Hans Eysenck | |
---|---|
Born | Hans Jürgen Eysenck 4 March 1916 Berlin, German Empire |
Died | 4 September 1997 London, England |
(aged 81)
Citizenship | British |
Nationality | German |
Fields | Psychology |
Institutions |
Institute of Psychiatry King's College London |
Alma mater | University College London (UCL) |
Doctoral advisor | Cyril Burt |
Doctoral students | Peter L. Broadhurst, Jeffrey Alan Gray, Donald Prell |
Known for |
intelligence, personality, Eysenck Personality Questionnaire, differential psychology, education, psychiatry, behaviour therapy |
Hans Jürgen Eysenck, PhD, DSc (/ˈaɪzɛŋk/; 4 March 1916 – 4 September 1997) was a German-born psychologist who spent his professional career in Great Britain. He is best remembered for his work on intelligence and personality, though he worked in a wide range of areas within psychology. At the time of his death, Eysenck was the living psychologist most frequently cited in the peer-reviewed scientific journal literature.
Eysenck was born in Berlin, Germany. His mother was Silesian-born film star Helga Molander, and his father, Eduard Anton Eysenck, was a nightclub entertainer who was once voted "handsomest man on the Baltic coast". (pp. 8–11). His mother was Lutheran and father Catholic. Eysenck was brought up by his maternal grandmother. (His grandmother was a fervent Lutheran, but after she died in a concentration camp, Eysenck ascertained that she had come from a Jewish family.) (p. 80). An initial move to England in the 1930s became permanent because of his opposition to the Nazi party. "My hatred of Hitler and the Nazis, and all they stood for, was so overwhelming that no argument could counter it." (p. 40) Because of his German citizenship, he was initially unable to gain employment, and was almost interned during the war. He received his PhD in 1940 from University College London (UCL) working in the Department of Psychology under the supervision of Professor Sir Cyril Burt, with whom he had a tumultuous professional relationship throughout his working life. (pp. 118–119).
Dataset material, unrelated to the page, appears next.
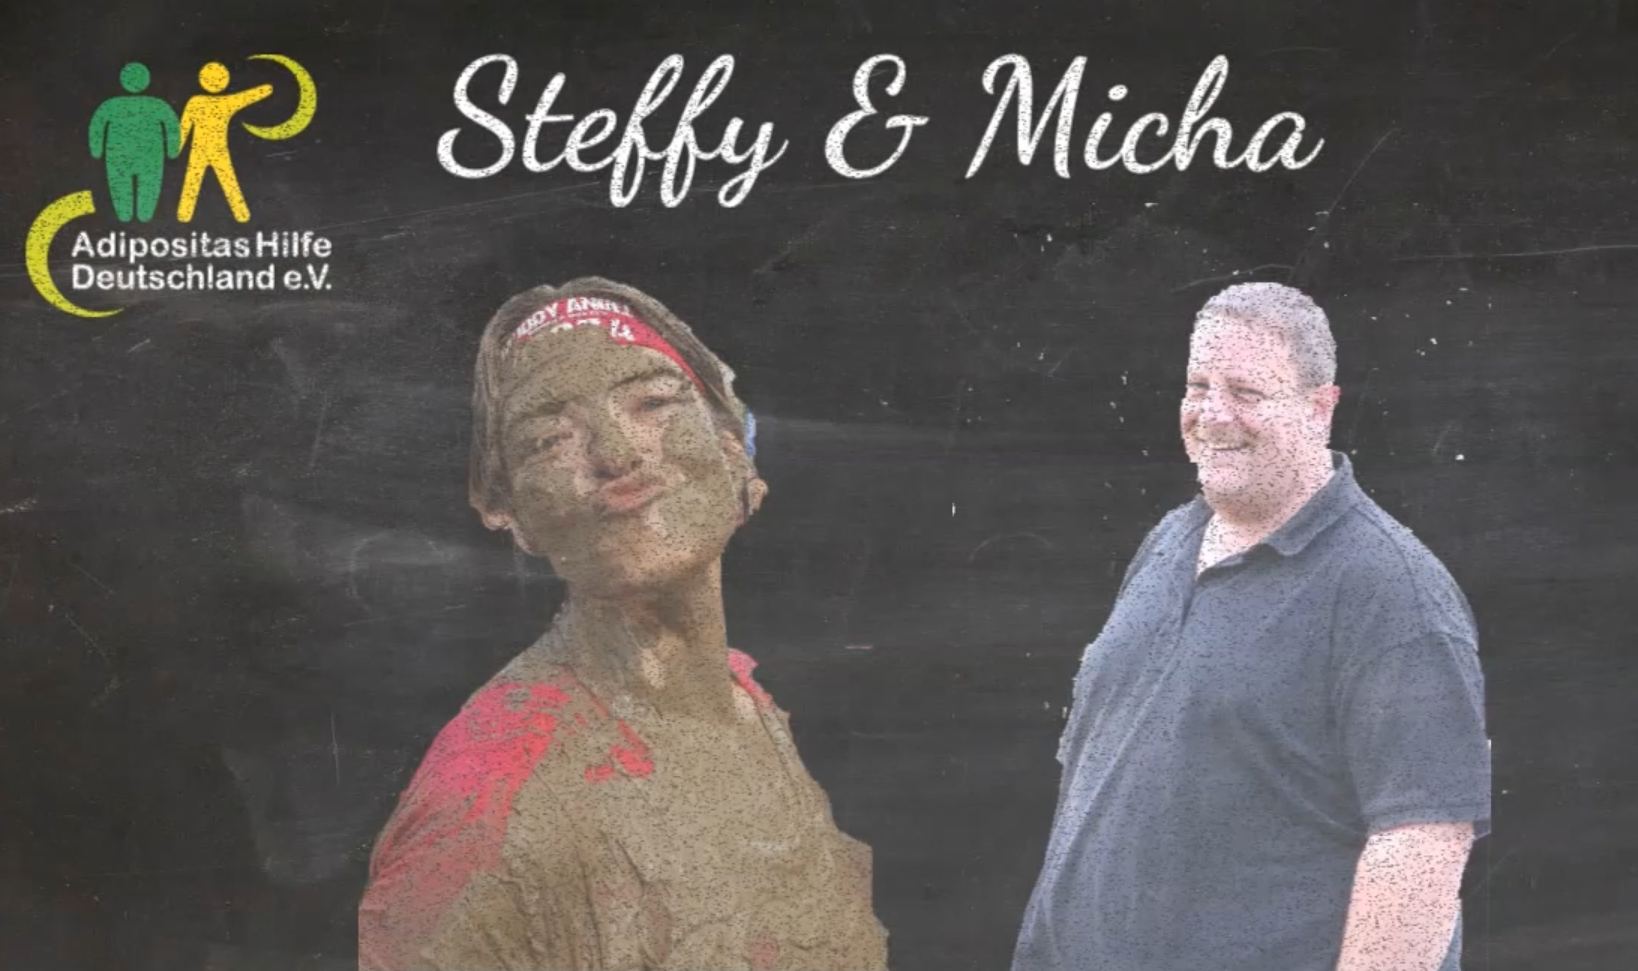 Steffy_Micha_Part2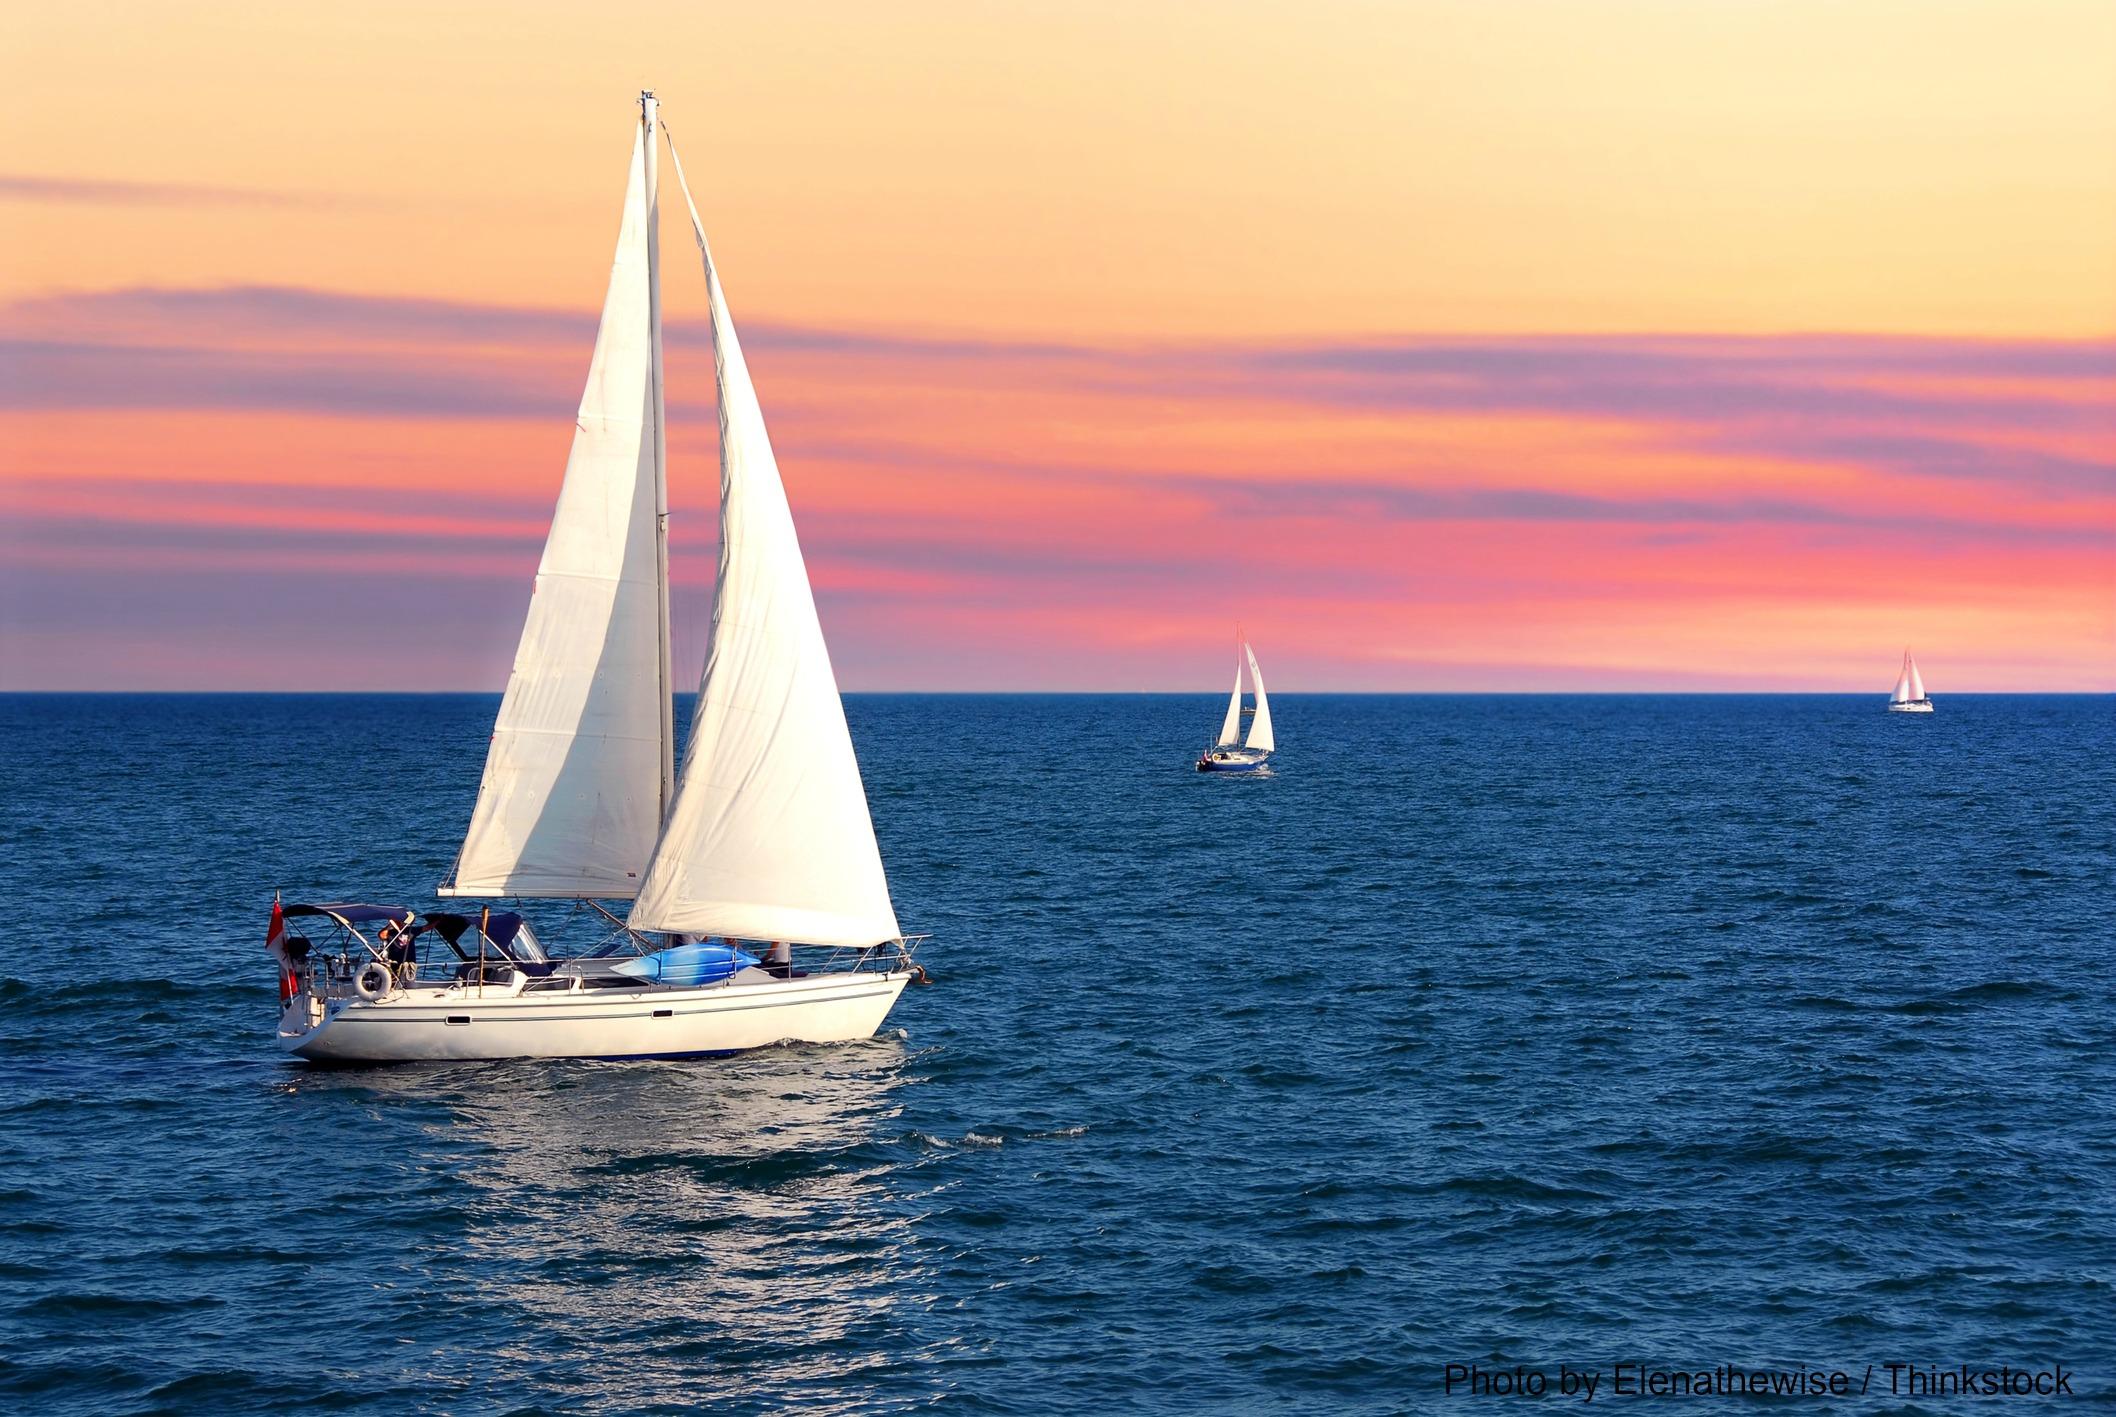 Sunset sailing in North Carolina

Eysenck was Professor of Psychology at the Institute of Psychiatry, King's College London, from 1955 to 1983. He was a major contributor to the modern scientific theory of personality and a brilliant teacher who helped found treatment for mental illnesses. Eysenck also created and developed a distinctive dimensional model of personality structure based on empirical factor-analytic research, attempting to anchor these factors in biogenetic variation. In 1981, Eysenck became a founding member of the World Cultural Council. He was the founding editor of the international journal Personality and Individual Differences, and wrote about 80 books and more than 1600 journal articles. His son Michael Eysenck is also a noted psychology professor. Hans Eysenck died of a brain tumour in a London hospice in 1997. He was an atheist.